To address these issues, we have invited James E. Fleming to discuss his timely and important new book, Constructing Basic Liberties: A Defense of Substantive Due Process (University of Chicago Press, 2022). Professor Fleming will argue—in terms of Bob Dylan’s prophetic “A Hard Rain’s A-Gonna Fall”—that in Dobbs we can hear “the roar of a wave that could drown the whole world” of personal autonomy and bodily integrity that should be protected through the doctrine of substantive due process. These basic liberties, he argues in his book, are necessary to extend ordered liberty and the status of equal membership in our political community to all.

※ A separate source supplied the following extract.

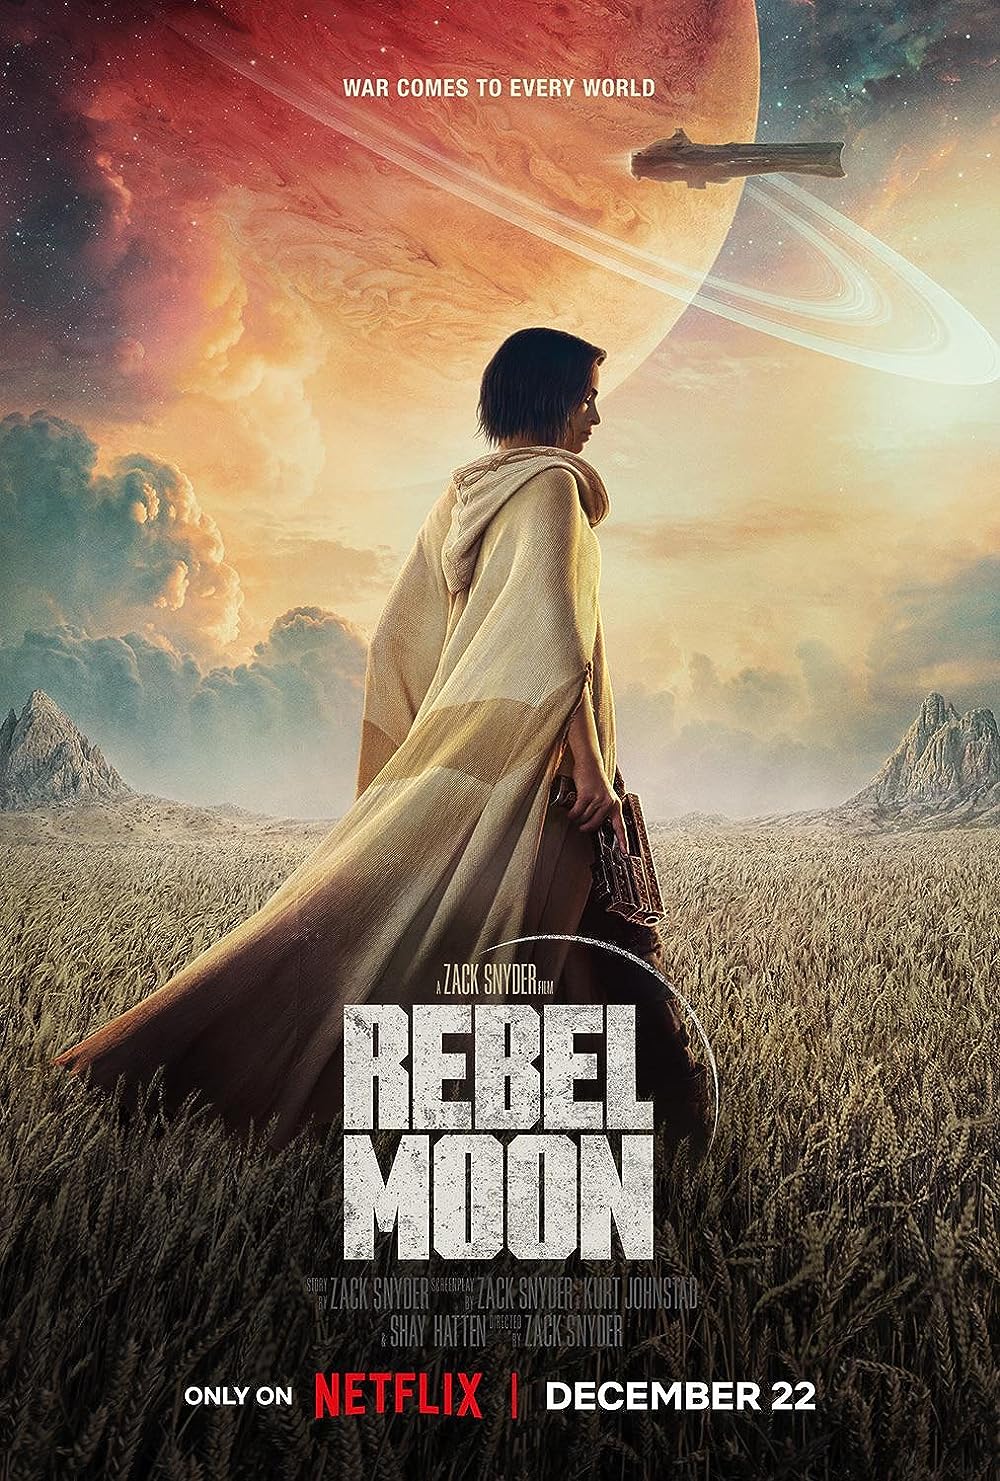 Imagem mostra o pôster do filme Rebel Moon
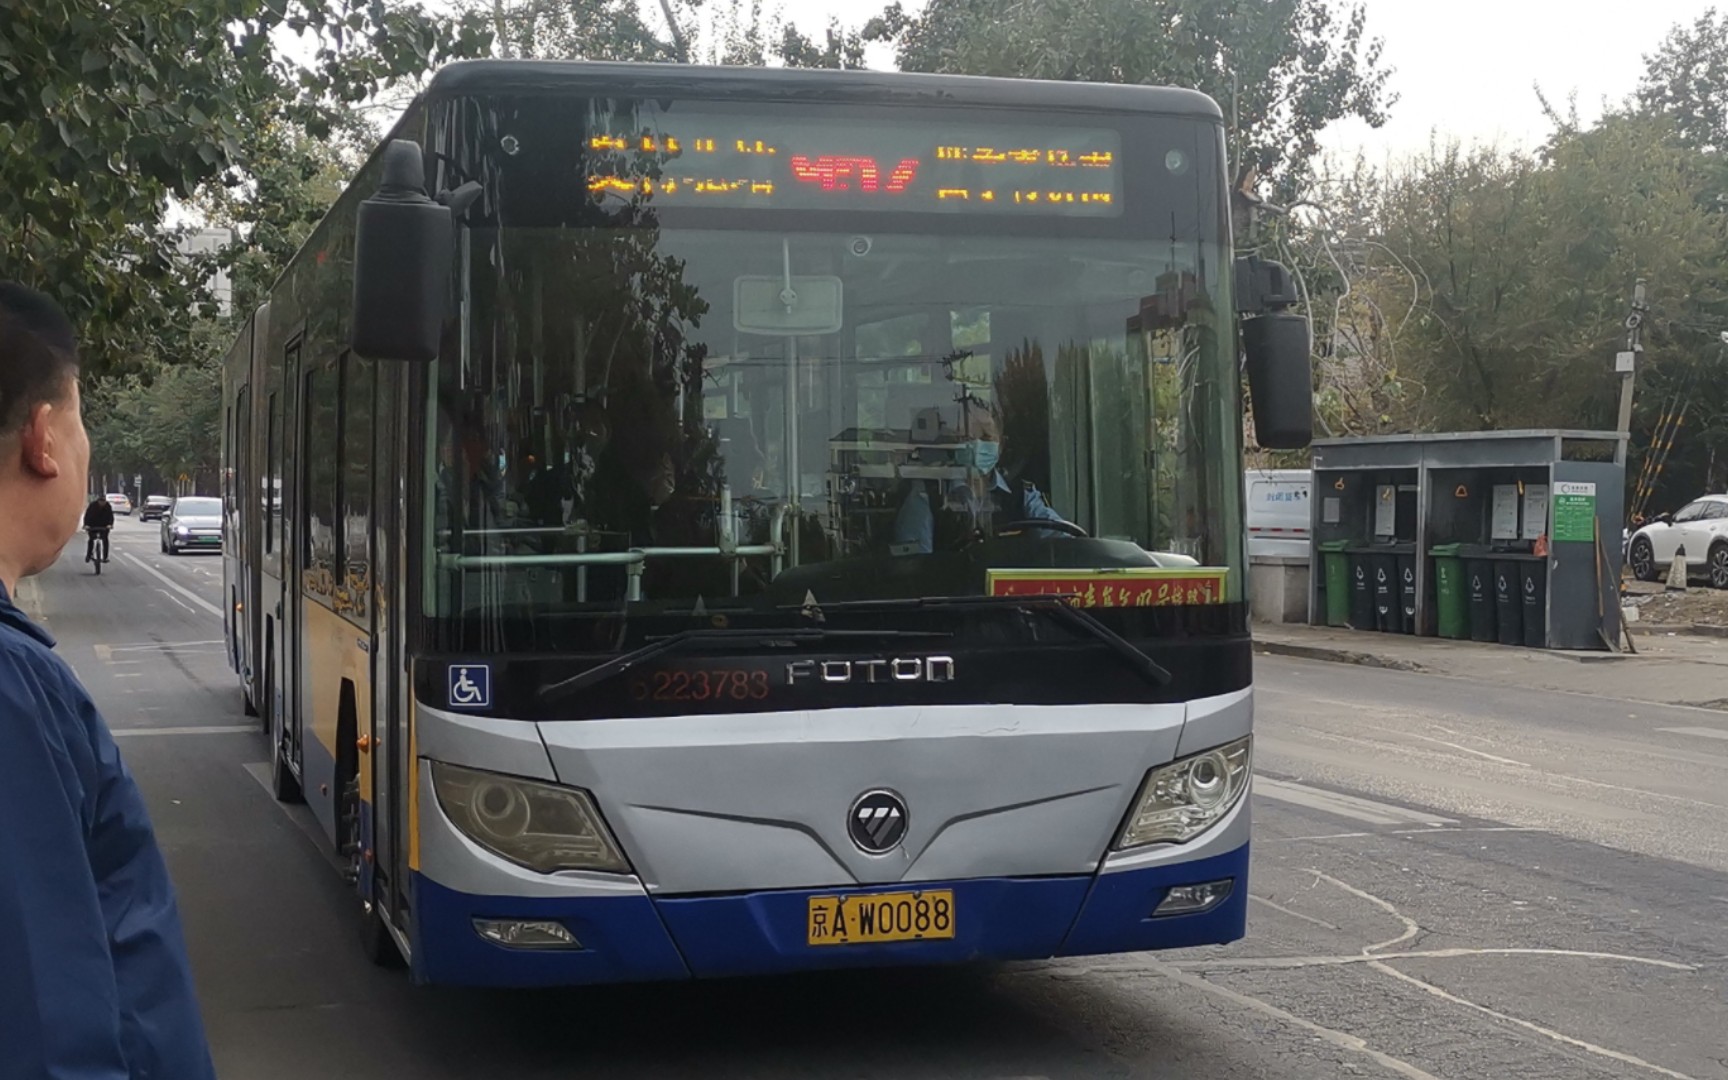 天津952路公交车路线图图片

James E. Fleming is The Honorable Paul J. Liacos Professor of Law at Boston University School of Law. His many books include Constructing Basic Liberties: A Defense of Substantive Due Process (University of Chicago Press, 2022); Fidelity to Our Imperfect Constitution: For Moral Readings and Against Originalisms (Oxford University Press, 2015); Ordered Liberty: Rights, Responsibilities, and Virtues (Harvard University Press, 2013) (with Linda C. McClain); Constitutional Interpretation: The Basic Questions (Oxford University Press, 2007) (with Sotirios A. Barber); and Securing Constitutional Democracy: The Case of Autonomy (University of Chicago Press, 2006). After earning his A.B. at University of Missouri (Political Science), he received a Ph.D. in Politics from Princeton University and a J.D. from Harvard Law School. He has held faculty research fellowships at Princeton University’s Program in Law and Public Affairs and Harvard University’s Edmond & Lily Safra Center for Ethics. He is the former Editor of Nomos, the annual book of the American Society for Political and Legal Philosophy, and the past President of the Society.